**Brief**.
All of the data should be reproduced word for word, though its pictures must be omitted.

**Collected data**.
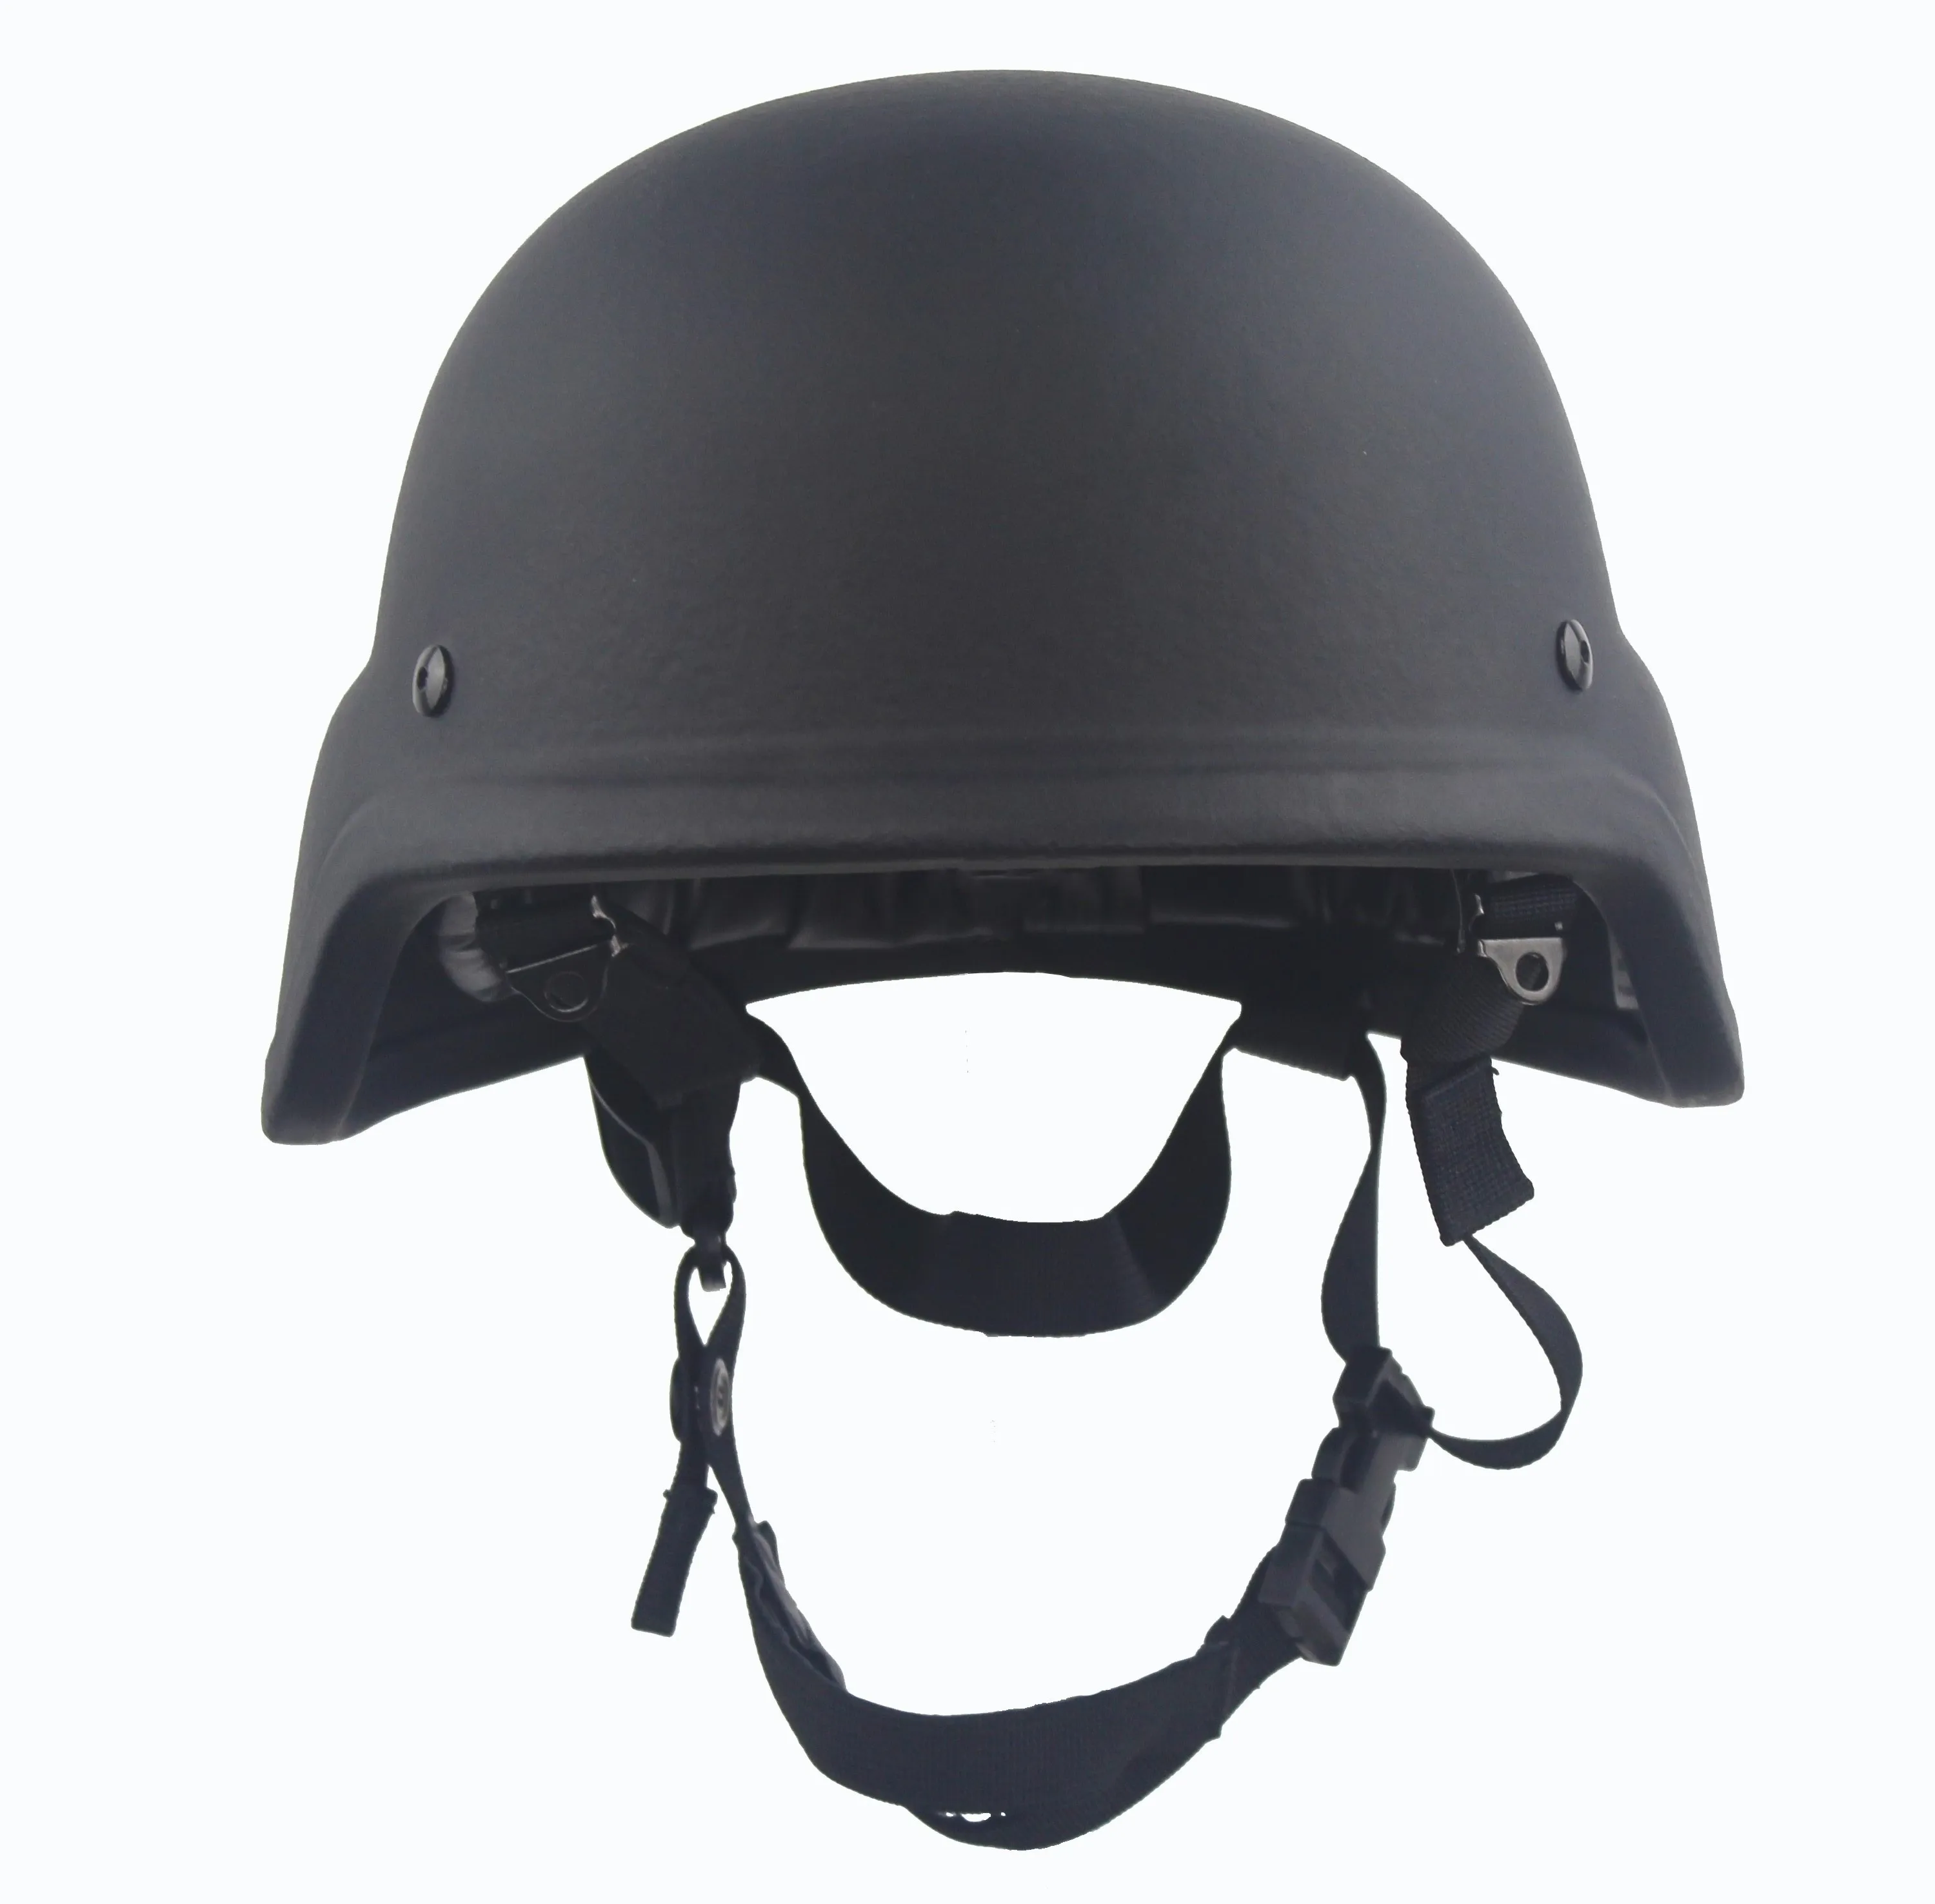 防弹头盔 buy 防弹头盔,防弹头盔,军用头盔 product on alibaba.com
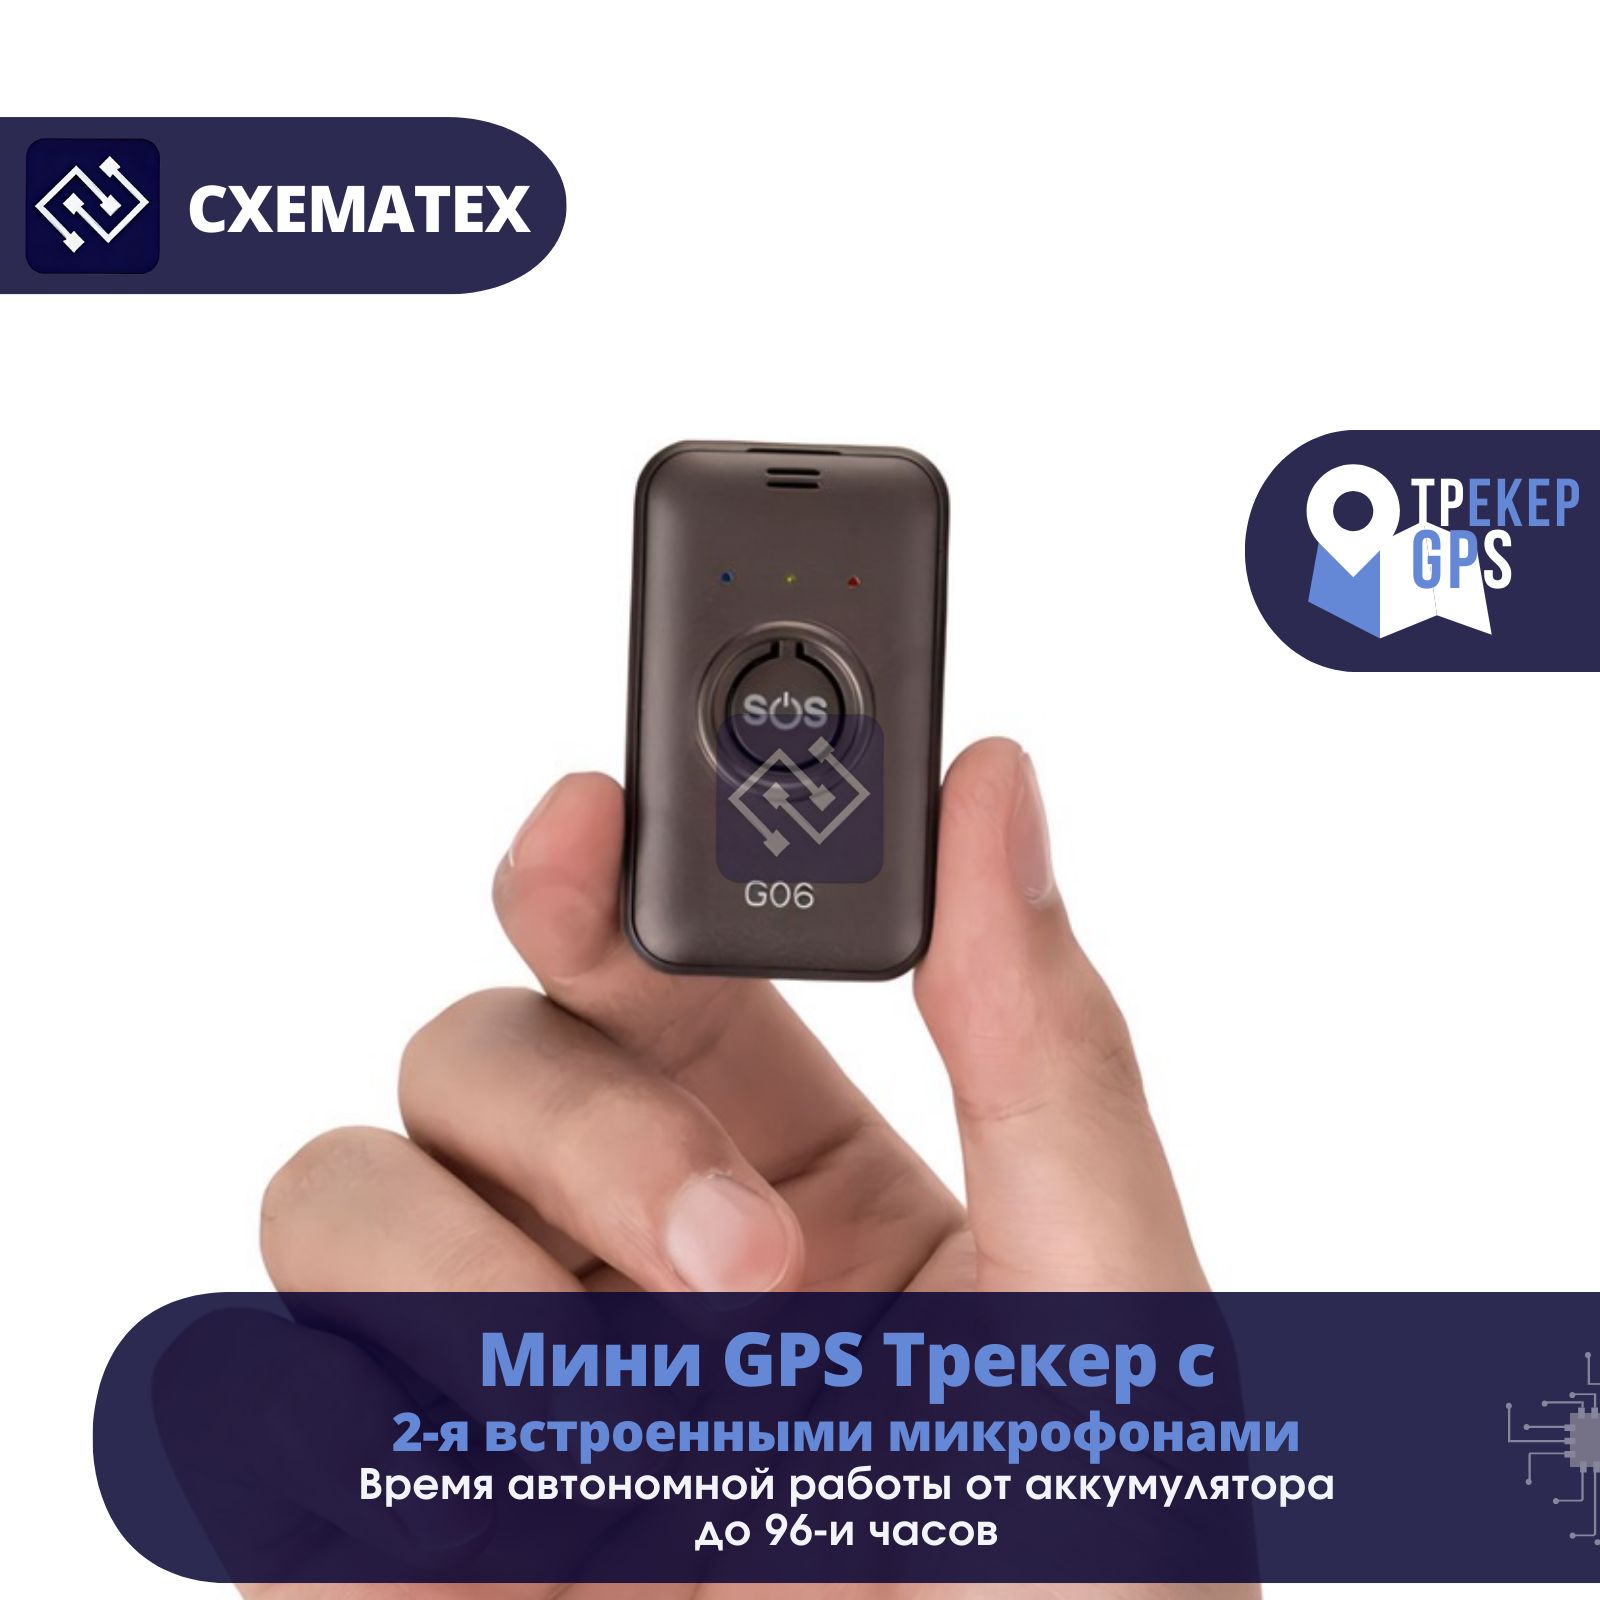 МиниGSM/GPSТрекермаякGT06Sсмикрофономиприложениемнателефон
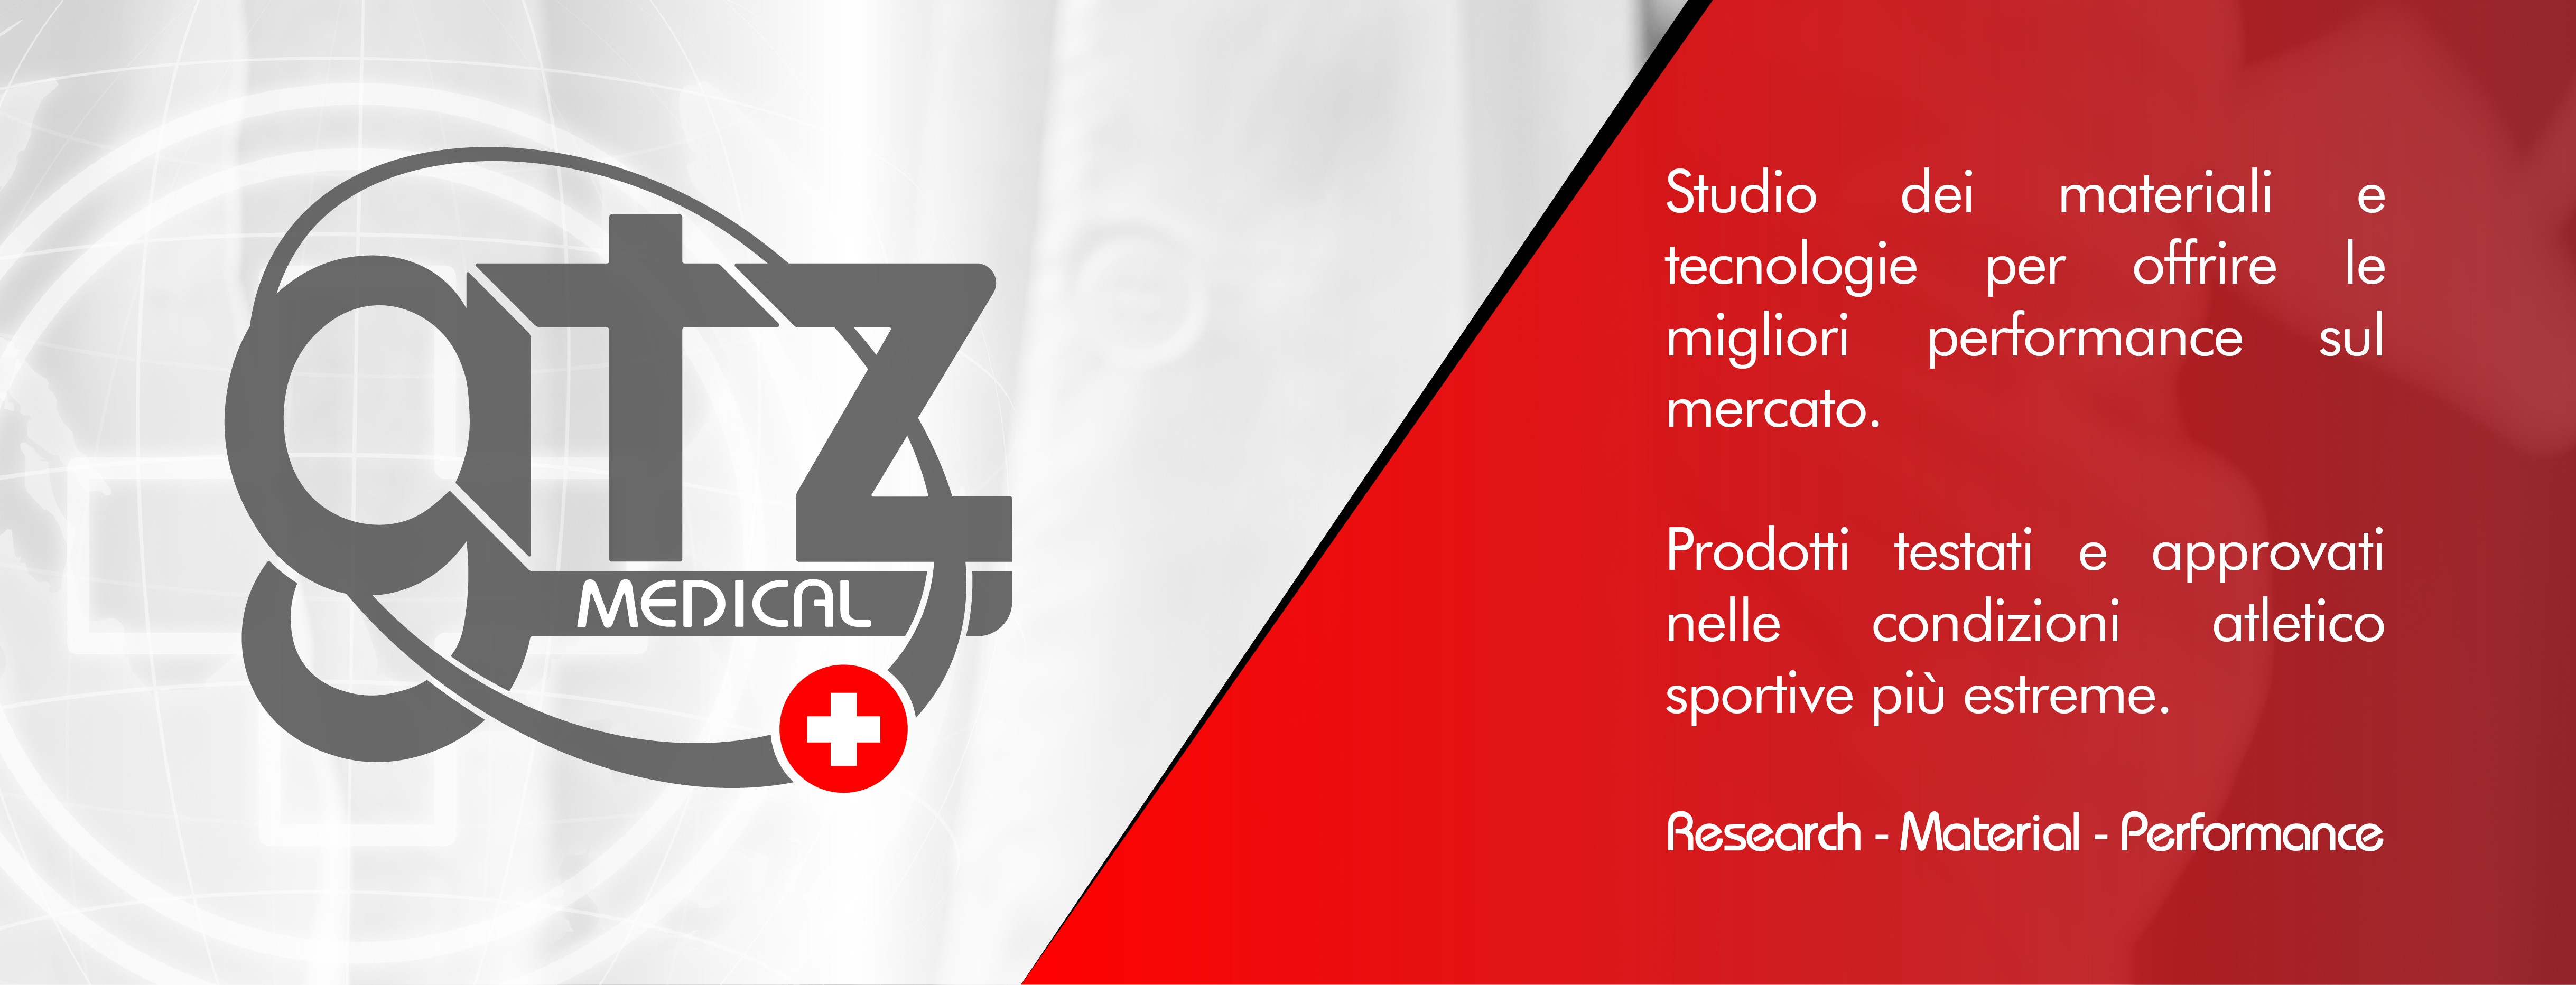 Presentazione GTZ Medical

**Task solution**.
 防弹头盔 buy 防弹头盔,防弹头盔,军用头盔 product on alibaba.com
 МиниGSM/GPSТрекермаякGT06Sсмикрофономиприложениемнателефон
 Presentazione GTZ Medical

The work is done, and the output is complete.